Pathfinding & PathPlanner

Sometimes, it is worth it to pre-plan paths for robot movement and actions instead of doing it on the fly. This page covers PathPlanner, a tool to do so.

What is Path Planning?

Path planning produces time-parameterized sequences of poses (x, y, rotation) plus velocities/accelerations. Benefits:

  • Smooth, repeatable motion
  • Velocity & acceleration constraints
  • Event markers to trigger commands mid-path
  • Easy visualization & editing via an editor

PathPlanner Overview

Tool

PathPlanner (pathplanner.dev) is a GUI editor that exports path and autos into your robot project deploy folder:

Editor Features

  • Draw and edit waypoints
  • Assign velocity/accel constraints
  • Add event markers (strings) triggering commands
  • Generate multi-path autos

Integrating PathPlanner with your Robot

Dependencies

Add PathPlanner lib to your vendor dependencies through the vendor dependency manager.

Key Concepts

  • Path - single trajectory file.
  • Auto - sequence of paths + events.
  • Named Command - how PathPlanner calls commands during an auto

Load & Run a Path


// This code goes in the RobotContainer - this is how you will typically create an auto selector.
  private LoggedDashboardChooser configureAutos() {

    // Set up auto routines
    LoggedDashboardChooser autoChooser =
        new LoggedDashboardChooser<>("Auto Choices", AutoBuilder.buildAutoChooser());

    return autoChooser;
  }
            

Named Commands

Named commands are defined in-code and can be run by PathPlanner in an auto.

Example


NamedCommands.registerCommand(
    "autoScore", new DeferredCommand(() -> new AutoScoreCommand(reef, drive, elevator)));
            

These commands run just the same as normal commands - but PathPlanner will wait to continue until they finish.

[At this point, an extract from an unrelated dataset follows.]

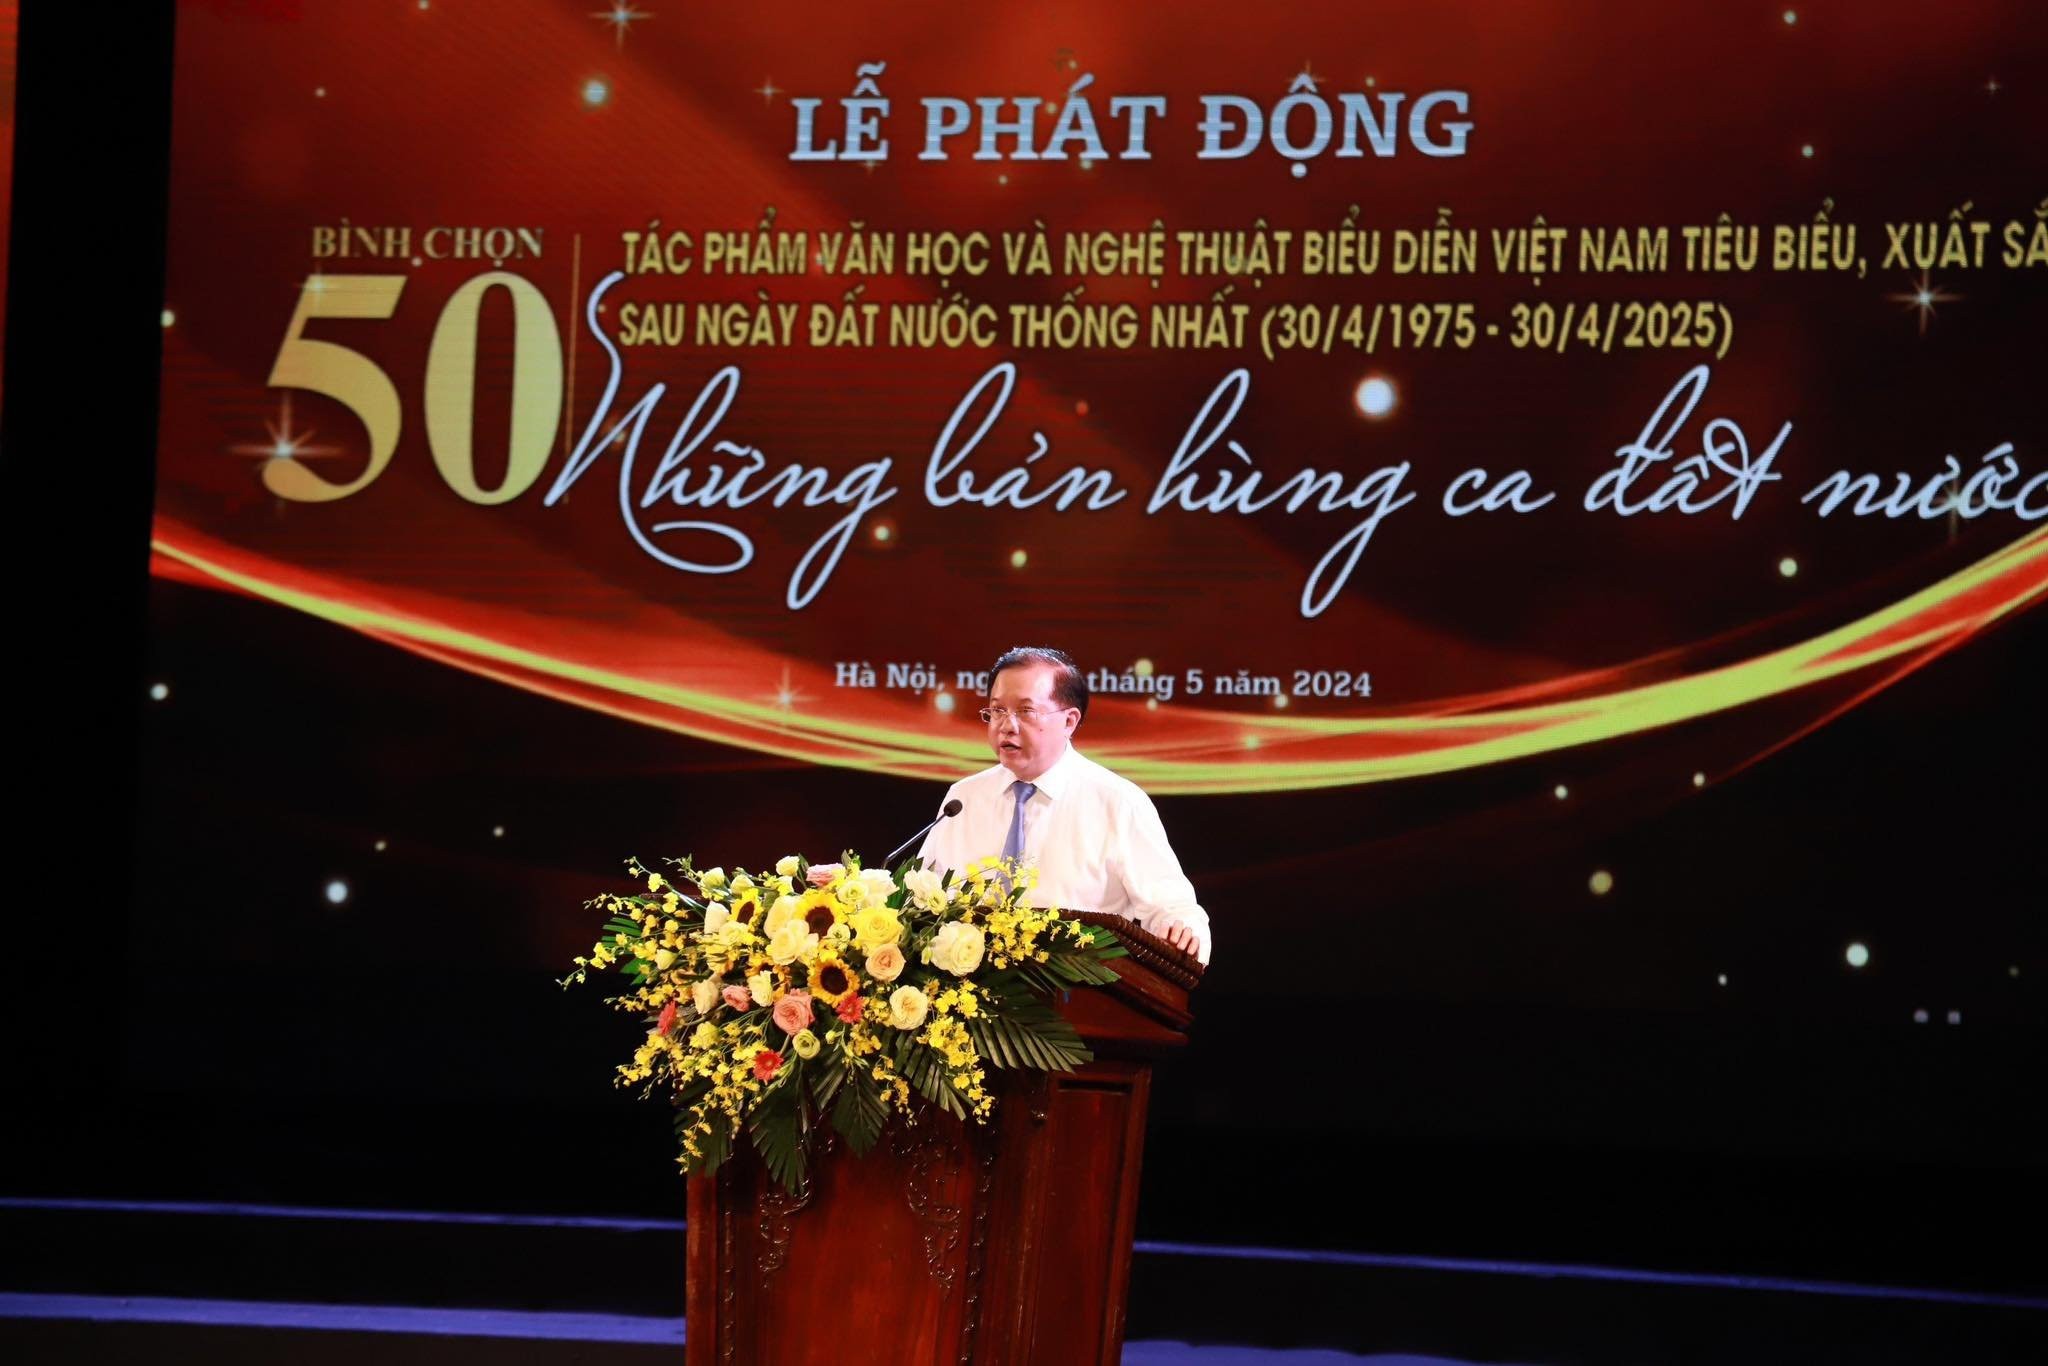 Bình chọn 50 tác phẩm văn học, nghệ thuật biểu diễn Việt Nam tiêu biểu

Making On-the-Fly / Teleop Paths

You can generate short paths at runtime (helpful for driver-assist or snapping to a scoring pose).

Simple runtime path from current pose → target pose


public static Command followPoses(SwerveDriveIO drive, double transitionVelocity, Supplier pointArraySupplier) {
    Pose2d[] points = pointArraySupplier.get();
    List waypoints = PathPlannerPath.waypointsFromPoses(points);
    PathPlannerPath path =
        new PathPlannerPath(
            waypoints,
            Constants.PATH_CONSTRAINTS,
            new IdealStartingState(
                drive.getPose().getTranslation().getDistance(points[0].getTranslation()),
                points[0].getRotation()),
            new GoalEndState(0, points[points.length - 1].getRotation()));

    path.preventFlipping = true;
    return Commands.sequence(
        AutoBuilder.pathfindToPose(points[0], Constants.PATH_CONSTRAINTS, transitionVelocity),
        AutoBuilder.followPath(path));
  }
            

Semi-Auto Uses

  • Drive to scoring position on button
  • Auto-align to vision target then let driver finish
  • Path-based assist modes

When to Use PathPlanner vs Handbuilt

Use PathPlanner when:

  • You want quick, repeatable autos
  • You don't want any possible interference
  • You want to do the same thing, every time.

Create your own auto command sequence when:

  • You can sacrifice a tiny bit of consistency to be significantly more efficient
  • You want your auto to move on to the next thing ASAP, not with pre-set wait times
  • The game is too complex to create full paths for every scenario, and you could instead just define start/end positions

PathFinder

PathFinder is a sub-branch of pathplanner that allows the robot to drive to a set pose, while avoiding obstacles on the field. AutoBuilder.pathfindToPose(...) Use it when you want to autonomously get around field elements in teleop without much driver input.